L’électrification de tous les secteurs de l’énergie comprend les transports, le chauffage et la climatisation des bâtiments, l’industrie, l’agriculture, la pêche et même les armées. Le modèle des chercheurs met en avant l’efficacité des véhicules électriques à batterie et à hydrogène qui est bien supérieure à celle des véhicules à moteur thermique tout comme celle des pompes à chaleur électriques par rapport au chauffage et à la climatisation des bâtiments via des carburants fossiles. Ils estiment également que l’électrification dans l’industrie sera plus économe par rapport à l’utilisation du gaz, du charbon ou du pétrole et qu’il faudra y ajouter la disparition progressive des infrastructures d’extraction, de raffinage et de transport des carburants fossiles. Toutes ces évolution peuvent substantiellement réduire la consommation d’énergie de le monde. Voilà pour les grands principes.
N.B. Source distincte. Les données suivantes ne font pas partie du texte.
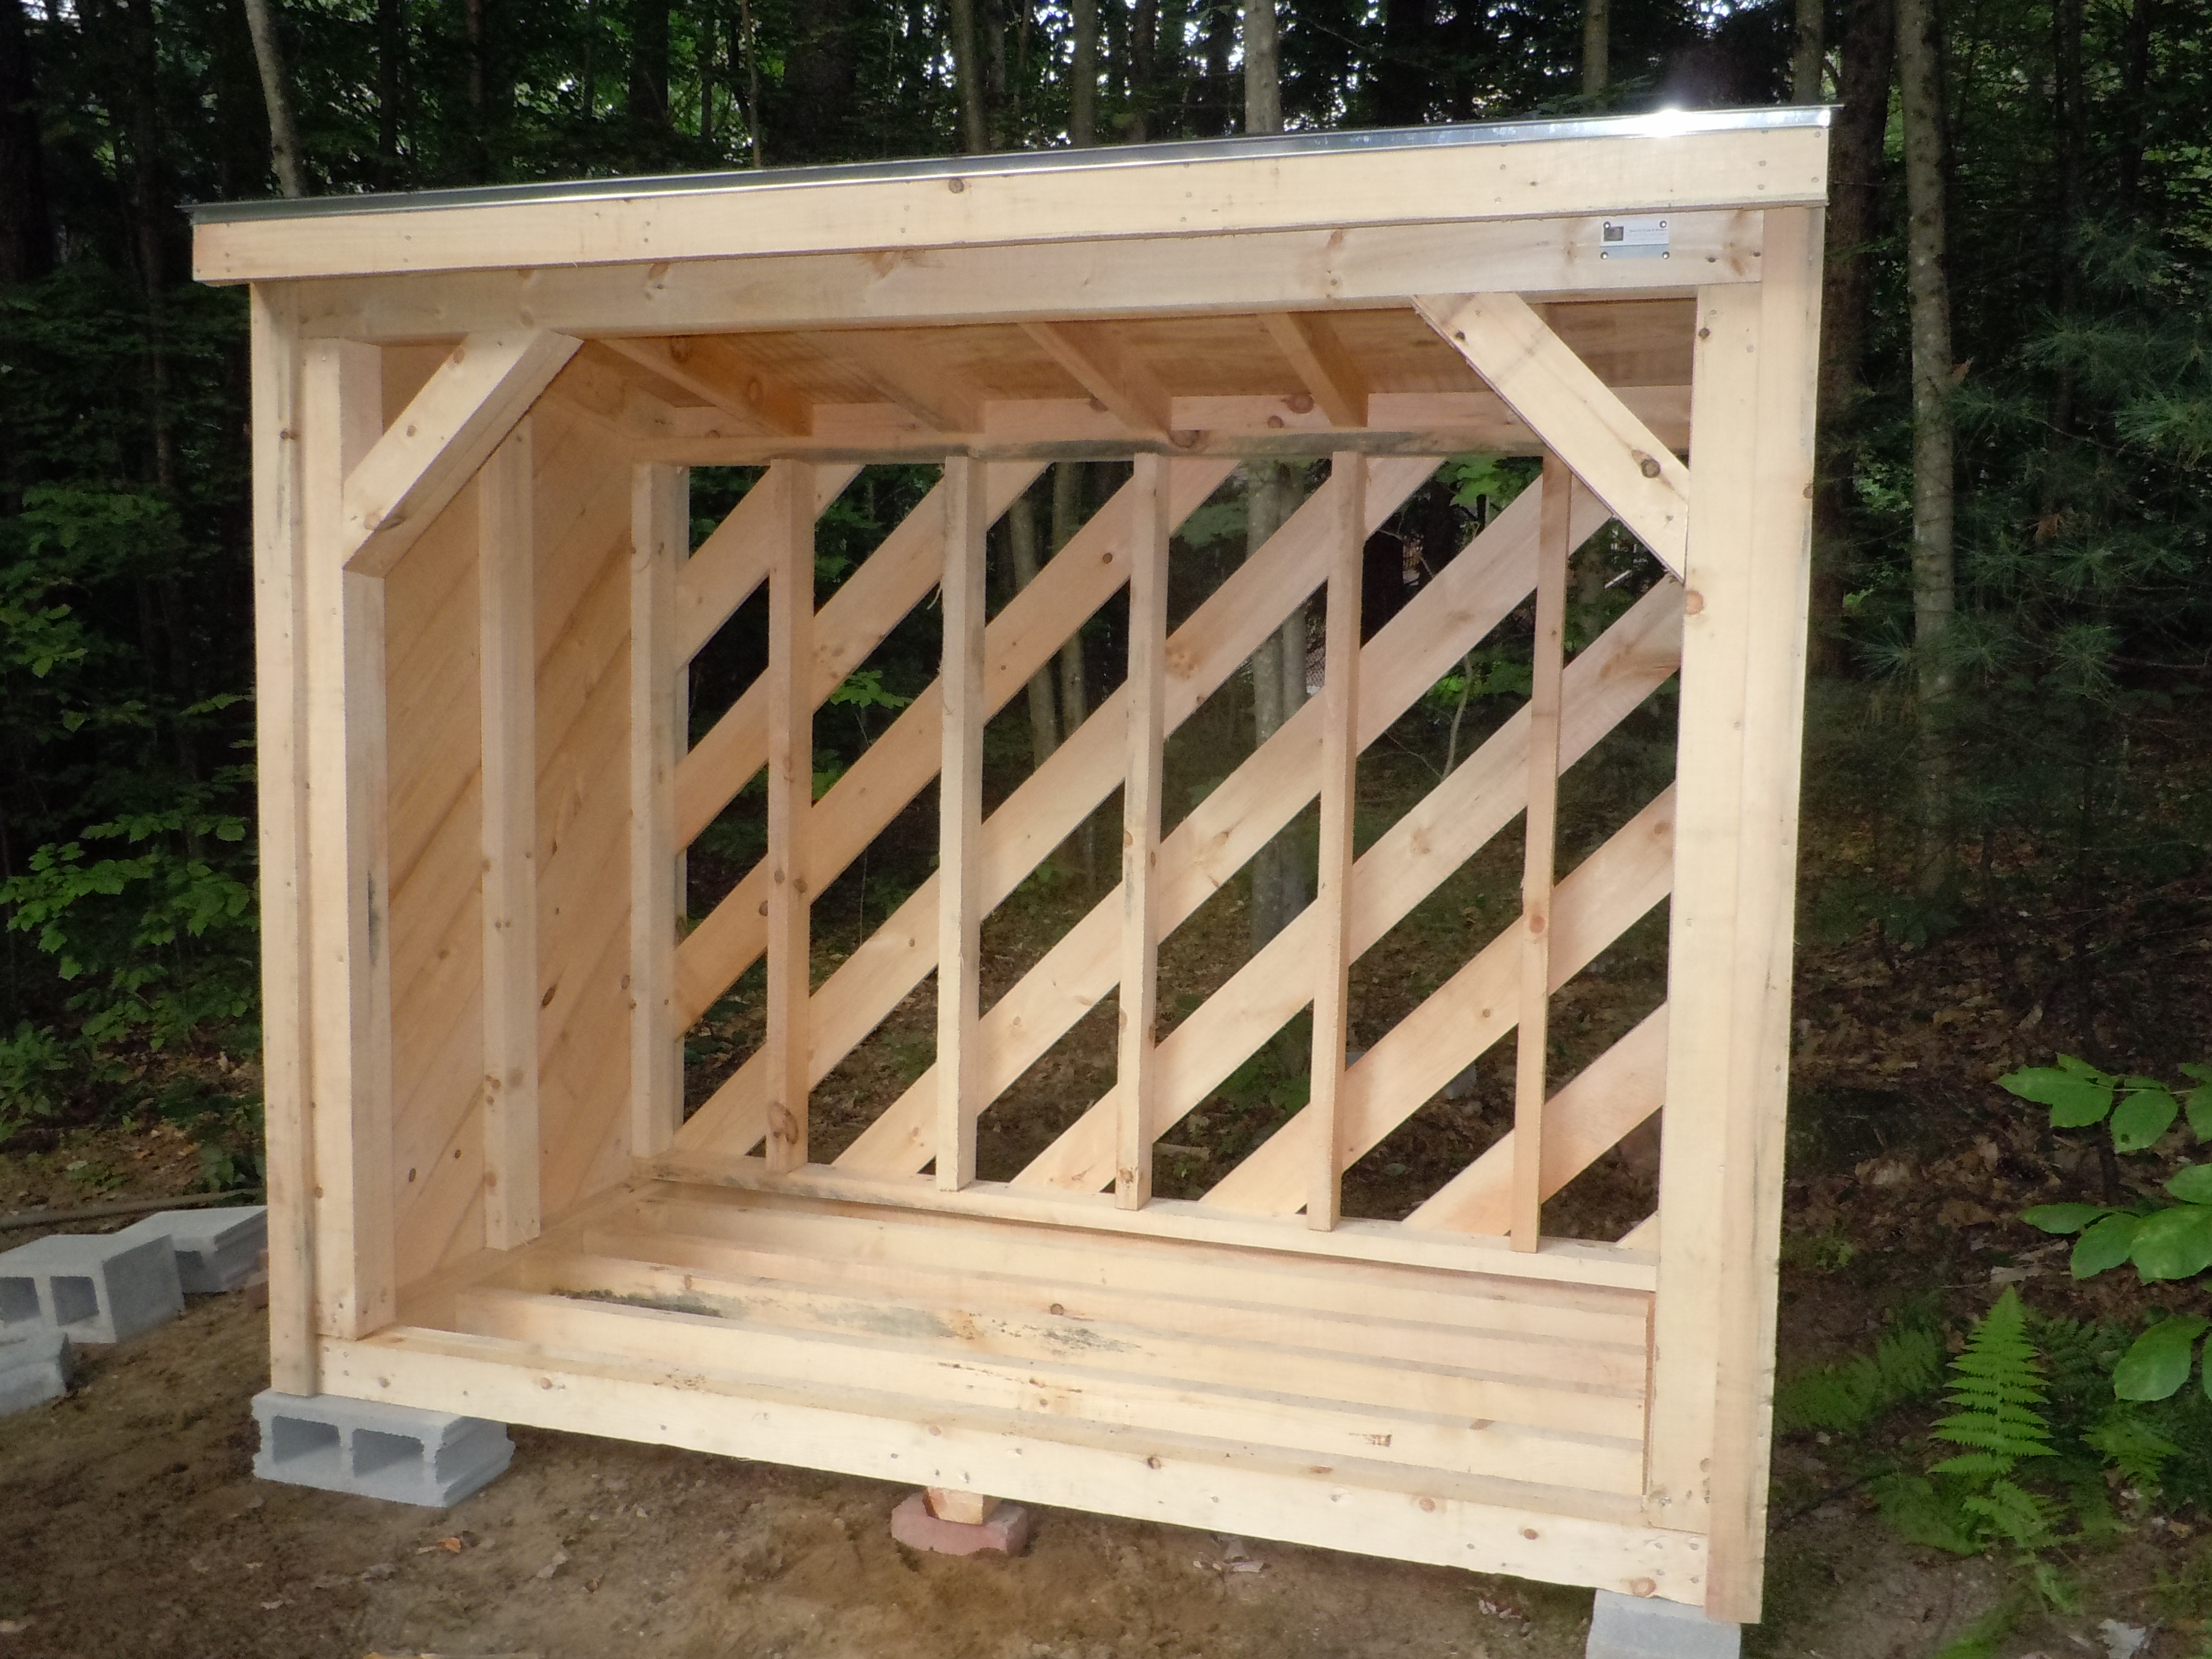 Build wood shed to hold 4 cords wood

Cette  transition vers l’éolien, l’hydraulique et le solaire nécessite un investissement initial de 73 mille milliards de dollars dans le monde qui sera «assez rapidement rentabilisé». Car sur la durée, toujours selon les chercheurs de Stanford, l’énergie propre et renouvelable est moins coûteuse à produire que les énergies fossiles. Elle ne nécessite que 0.17% des surfaces des 143 pays étudiés et 0,48% si on prend en compte la nécessité d’espacer, par exemple, les éoliennes.
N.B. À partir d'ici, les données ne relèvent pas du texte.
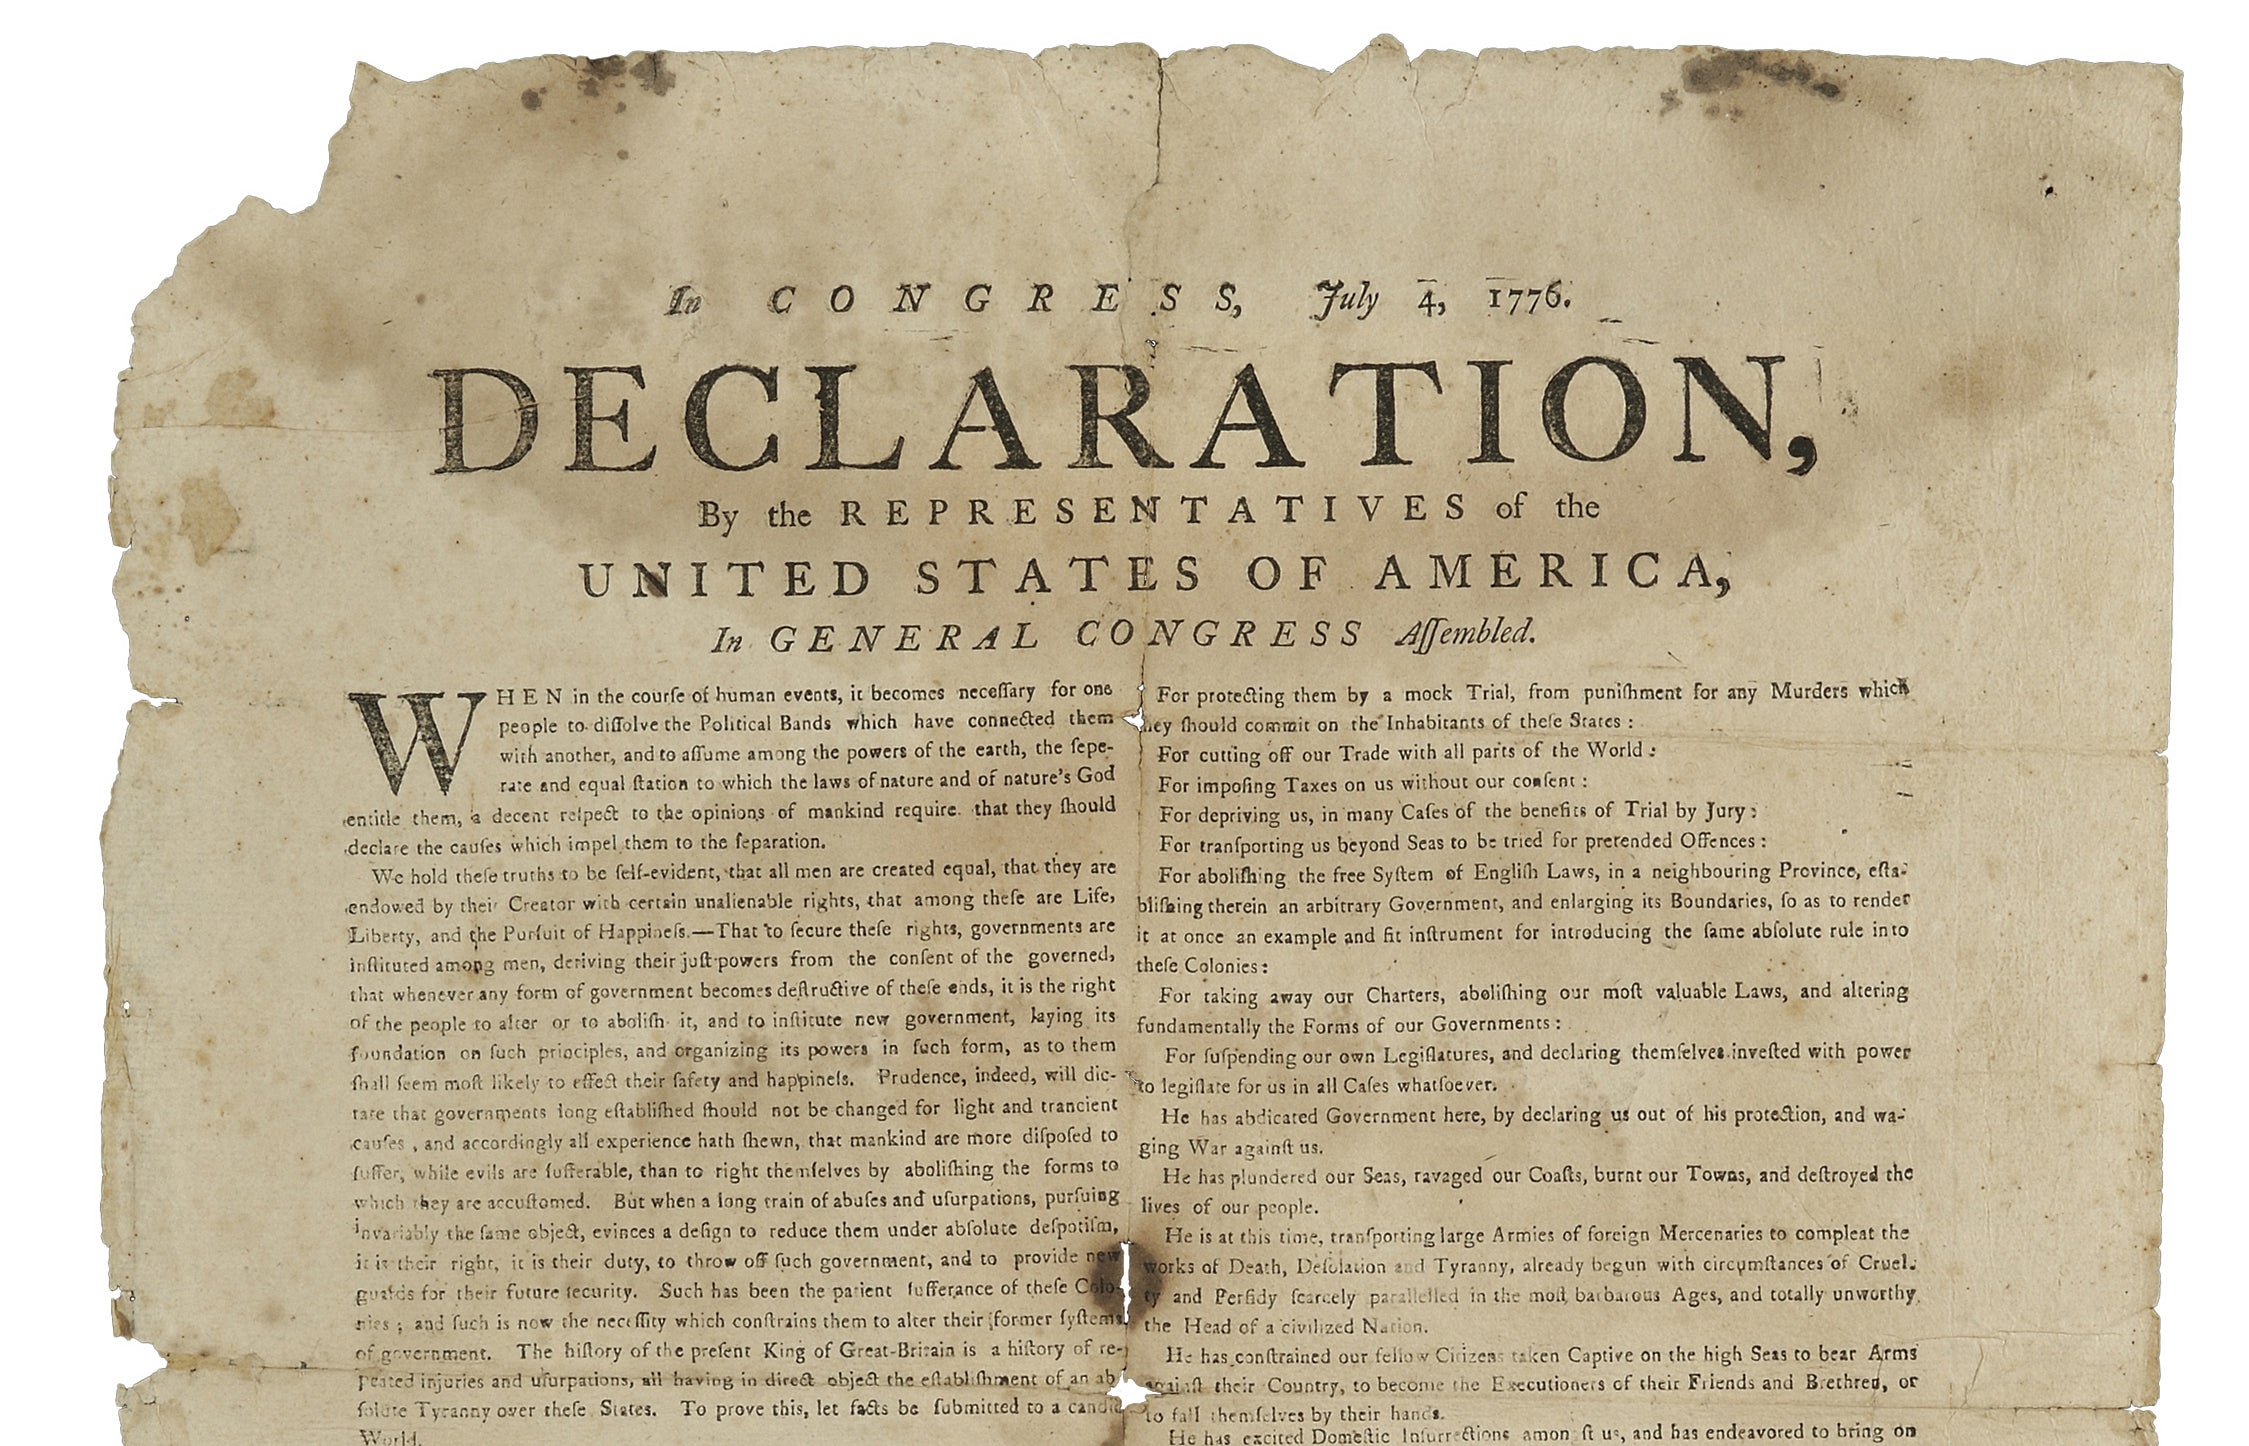 Where Can I Get A Copy Of The Declaration Of Independence

«Nous avons trouvé qu’en électrifiant tout avec de l’énergie propre et renouvelable, nous réduisons la demande d’électricité d’environ 57%», explique Mark Z. Jacobson. «Donc même si le coût par unité d’énergie est similaire, le coût que les gens paieront au total pour l’énergie est 61% inférieur. Et cela avant que nous prenions en compte les coûts sociaux du changement climatique».

Mais ce modèle très théorique présente de nombreuses incertitudes et sans doute des failles à la fois, technologiques, économiques, sociales et politiques. La baisse de la demande d’énergie dans le monde semble aujourd’hui une vue de l’esprit puisqu’elle ne cesse de grandir et ne s’est stabilisée que dans les pays développés. L’électrification généralisée, et notamment des transports terrestres, maritimes et aériens, semble aujourd’hui impossible à mettre en place en quelques décennies. La conversion de l’industrie lourde vers des carburants non fossiles est un processus qui s’annonce encore plus long et plus compliqué sur le plan technologique.

L’intermittence des renouvelables balayée d’un revers de main

Le modèle part aussi du principe qu’il n’existe pas de problème pour transférer l’électricité propre et renouvelable des régions où elle est facilement produite, avec beaucoup de vent et de soleil, vers celles où elle est consommée.

Autre sérieux problème, le modèle néglige l’intermittence des renouvelables éoliens, solaires et hydrauliques et part du principe que l’électricité ainsi produite pourra être stockée. Ce n’est pas le cas aujourd’hui avec les technologies existantes, notamment celle des batteries lithium-ion dont il faudrait un niveau de production considérable, économiquement insoutenable et dévastateur sur le plan environnemental, pour répondre aux besoins théoriques.

Le nucléaire, qui n’émet pas de CO2 et n’est pas intermittent, est pourtant exclu, notamment car le délai entre le projet de construction des centrales et leur entrée en service (de 10 à 19 ans) est jugé trop grand.

«Nous essayons juste de dessiner un scénario pour donner confiance aux gens et à 143 pays et leur montrer que oui, c’est possible», se défend Mark Z. Jacobson. «Mais il y a des nombreuses solutions et de nombreux scénarios qui peuvent fonctionner. Vous n’allez probablement pas prédire exactement ce qu’il va se passer. Mais ce n’est pas comme si vous deviez trouver une aiguille dans une botte de foin. Il y a beaucoup d’aiguilles dans cette botte de foin».